The application then open()s a file on the mountpoint and mmap()s the file backed by hugepages

Doing this is Kubernetes would involve:

The container having a predetermined hugetlbfs mount point the application stores files it wants backed by hugepages
The kubelet mounting the hugetlbfs on the mount then bind mounting into the predetermined hugetlbfs mount point in the container
The kubelet would also need to manage the permissions on the mount point such that the application can manipulate the hubetlbfs

`mmap()` with `MAP_HUGETLB | [MAP_HUGE_2MB|MAP_HUGE_1GB]` for anonymous allocations

The application can mmap() a hugepage directly and use it as anonymous memory

addr = mmap((void *)(0x0UL), (256UL*1024*1024), PROT_READ | PROT_WRITE, MAP_PRIVATE | MAP_ANONYMOUS | MAP_HUGETLB | MAP_HUGE_1GB, 0, 0);

mmap() failure (with -ENOMEM I assume?) reflects no hugepages of requested size available for the mapping.

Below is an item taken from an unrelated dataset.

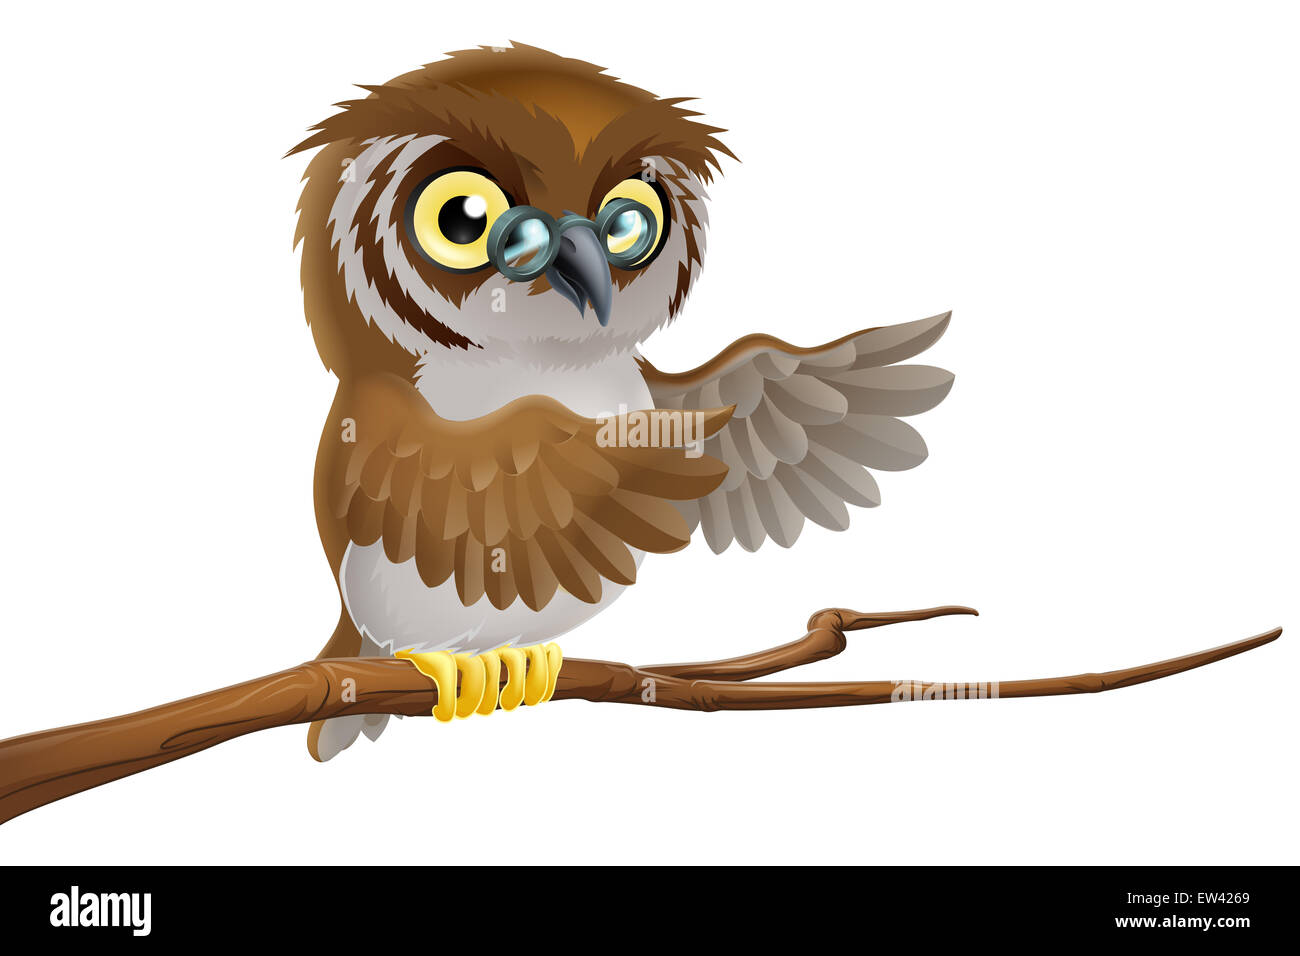 An illustration of a cartoon owl wearing glasses Stock Photo

`shmget()` with `SHM_HUGETLB` for shared memory allocations

The application can shmget() a hugepage directly and use it as a shared memory segment.

The user running the application will need to be part of the /proc/sys/vm/hugetlb_shm_group to do this.

Transparent Hugepages (out of scope)

There are two flavors of 2MB pages, transparent and persistent. All 1G pages are persistent.

Transparent huge pages (THP) are dynamically managed by the kernel. An application need only hint the memory region to the kernel with madvise() and MADV_HUGEPAGE for the kernel to use THP for the memory region. THP really doesn't required any knowledge on the part of kubernetes, assuming the nodes are configured with default value of madvise for cat /sys/kernel/mm/transparent_hugepage/enabled. Therefore THP is outside the scope of hugepage support for Kubernetes. This will focus on presistent or preallocated hugepages.

Persistent Huge Pages

Allocation

At Boot

Huge pages can be allocated a boot time via kernel parameters:

For example, hugepages=20 will allocate 20 huge pages of the default size (2MB). You can allocate both sizes of hugepages at boot with hugepages=20 hugepagesz=1G hugepages=2. This allocates 20 2MB pages and 2 1GB pages.

At Runtime

Allocating huge pages at runtime should be done as close to boot as possible. Memory fragments the longer the system is running and defragmenting efforts may not be able to secure enough continuous memory to allocate huge pages.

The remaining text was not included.